Ainda em relação à maneira como são dispostas as três camadas texturais do compasso 14 ao 22, é possível observar um revezamento entre as duas camadas texturais superiores, enquanto as estruturas que constituem o baixo estão em constante atividade. Linha melódica e estruturas de acompanhamento se intercalam a cada compasso (compasso 14 ao 22), onde uma camada textural preenche o espaço aberto pela outra.

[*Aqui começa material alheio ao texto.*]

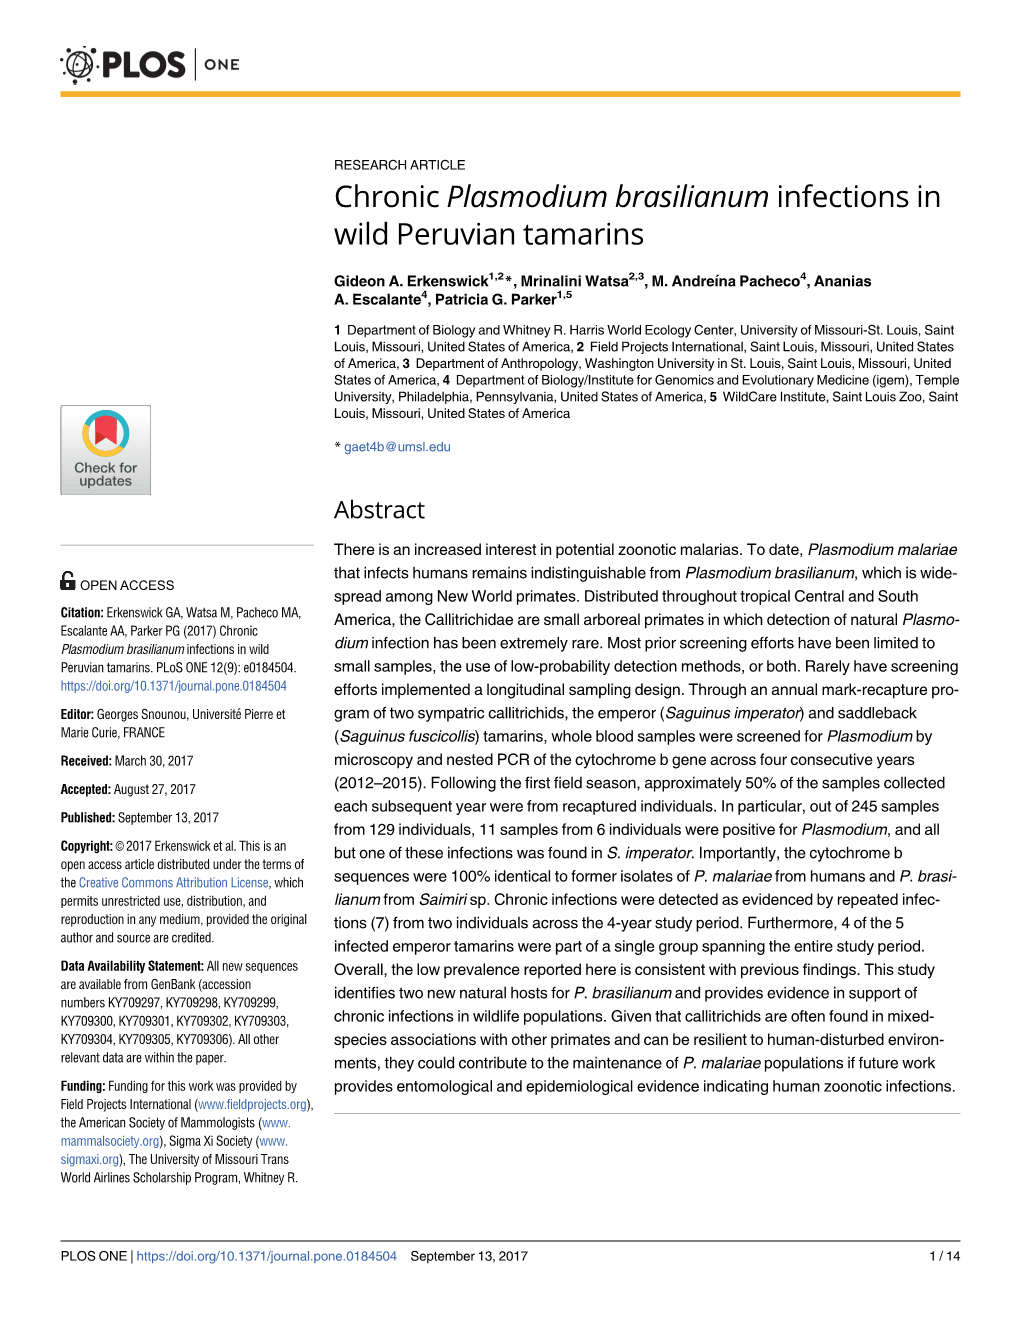 Chronic Plasmodium Brasilianum Infections in Wild Peruvian Tamarins

Do compasso 22 ao 26, estas camadas se intercalam a cada quatro semicolcheias, numa textura polifônica promovida pelo baixo condutor harmônico, pela linha melódica principal, e por uma linha melódica secundária (acompanhamento em formato melódico).

Em suma, a linha-guia anteriormente reconhecida na seção de introdução se mantém relativamente estável: “ (8) . x . . x . . x ”. Este padrão “submerge” no acontecimento musical, como observa Oliveira Pinto, atravessando as mudanças na textura, podendo ser reconhecida nas acentuações melódicas e em estruturas de acompanhamento. Trata-se de um ostinato variado, sendo que algumas variações da linha- guia auxiliam na delimitação da forma interna da seção, apresentando variações que conduzem à repetição dos 16 compassos da seção (compassos 28 e 29) e à finalização da seção (compassos 31 e 32).